Eugene could remember with a gluttonous delight the breakfast which that hungry boy had devoured. It was a memory so touched with the magic relish of frost and darkness, smoking horses, the thrill, the ecstasy of the journey and a great adventure, the cheer, the warmth, the bustle of the inn, and the delicious abundance of the food they gave the boy, that the whole thing was evoked with blazing vividness, and now it would almost drive Eugene mad with hunger when he thought of it.
Now it seemed to him that these people had written so magnificently about good food not because they always had it, but because they had it rarely and therefore made great dreams and fantasies about it, and it seemed to him that this same quality—the quality of LACK rather than of POSSESSION, of desire rather than fulfilment— had got into everything they did, and made them dream great dreams, and do heroic acts, and had enriched their lives immeasurably.
They had been the greatest poets in the world because the love and substance of great poetry were so rare among them. Their poems were so full of the essential quality of sunlight because their lives had known sunlight briefly, and so shot through with the massy substance of essential gold (a matchless triumph of light and colour and material in which they have beaten the whole world by every standard of comparison) because their lives had known so much fog and rain, so little gold. And they had spoken best of April because April was so brief with them.

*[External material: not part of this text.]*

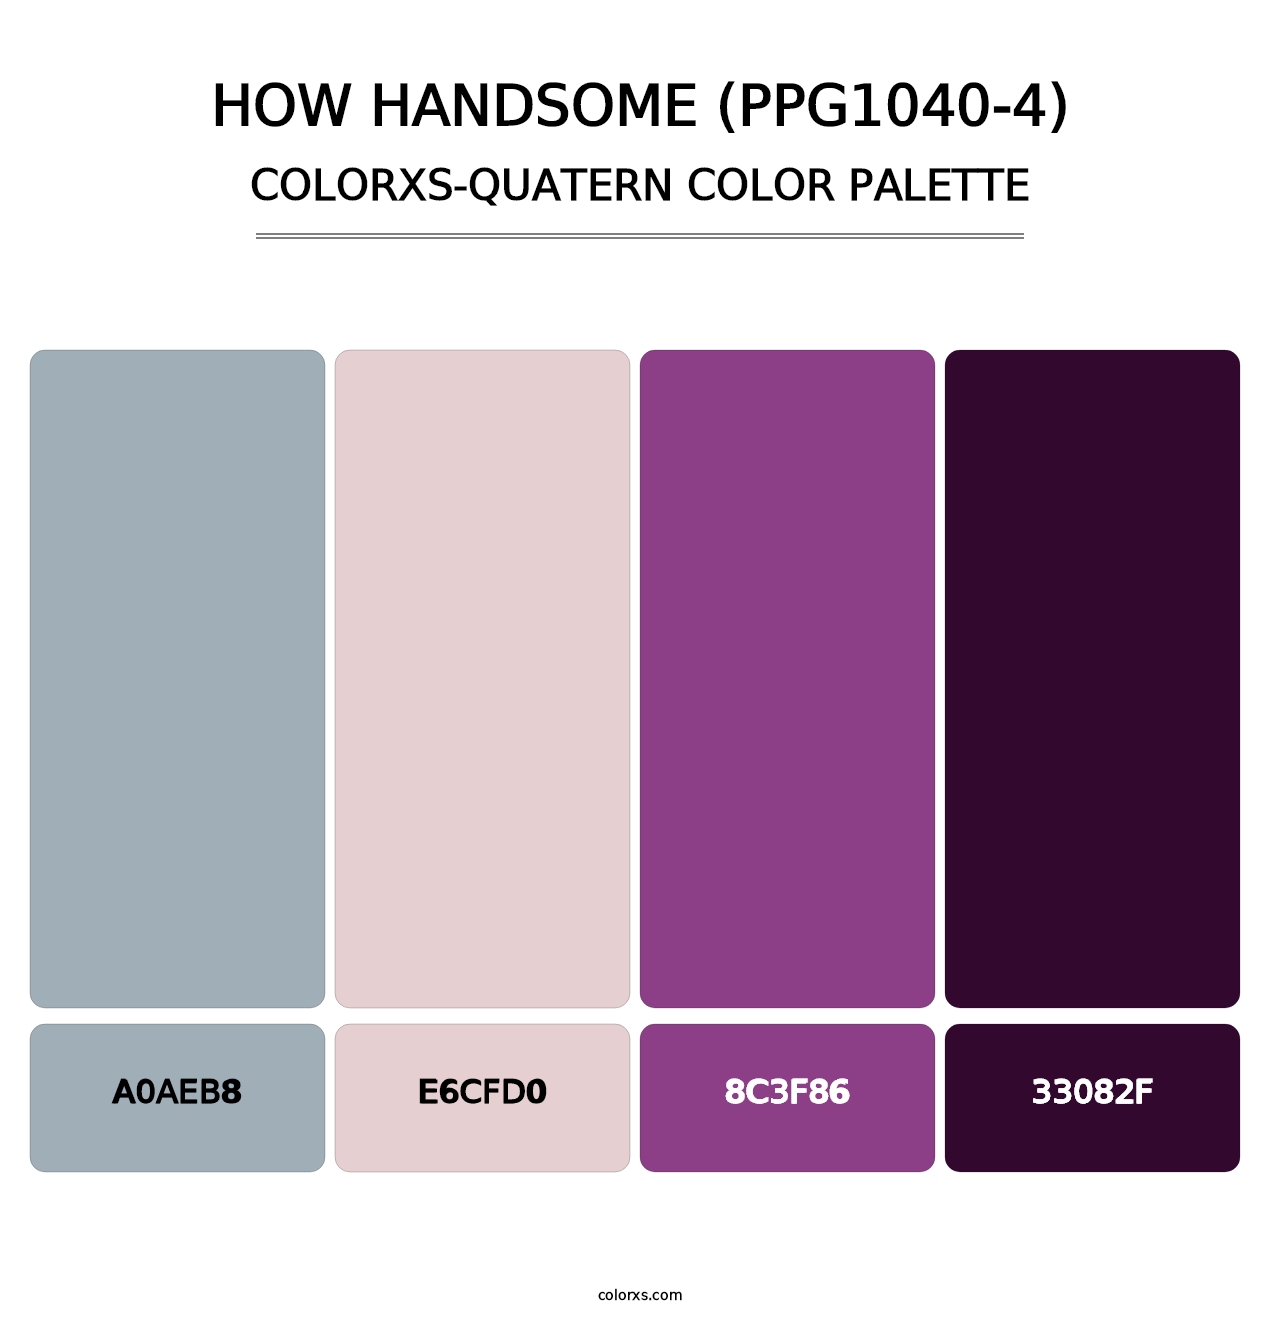 How Handsome (PPG1040-4) - Colorxs Quatern Palette

Thus from the grim grey of their skies they had alchemied gold, and from their hunger, glorious food, and from the raw bleakness of their lives and weathers they had drawn magic. And what was good among them had been won sternly, sparely, bitterly, from all that was ugly, dull, and painful in their lives, and, when it came, was more rare and beautiful than anything on earth.
But that also was theirs: it was another door Eugene could not enter.
LXIX
Later, Eugene could remember everything except the way he found the house and came to live there. But a man named Morison, who was staying at the “Mitre” when Eugene got there, found the house and gave him the address. He was a man of twenty-eight or thirty years, but he constantly seemed younger, much younger, no older than the average college youth, an illusion that was never permanent, however, and never for a moment convincing, because one felt constantly that everything about the man was spurious.
He had been, he said, a lieutenant in the flying corps, and had just the month before resigned his commission. And he said he had resigned his commission because he had received an appointment from the government in the African colonial service, and had been sent up to the university to take a special six months’ course in Colonial Administration, after which he would be “sent out” to assume his new duties in the Colonies. Finally, he was, he said, by birth, an Edinburgh Scotsman, although his family were by blood more English than Scotch, and he had lived most of his life in England. His references to his family were casual, easy, and indefinite, but carried with them, somehow, the connotations of aristocratic distinction.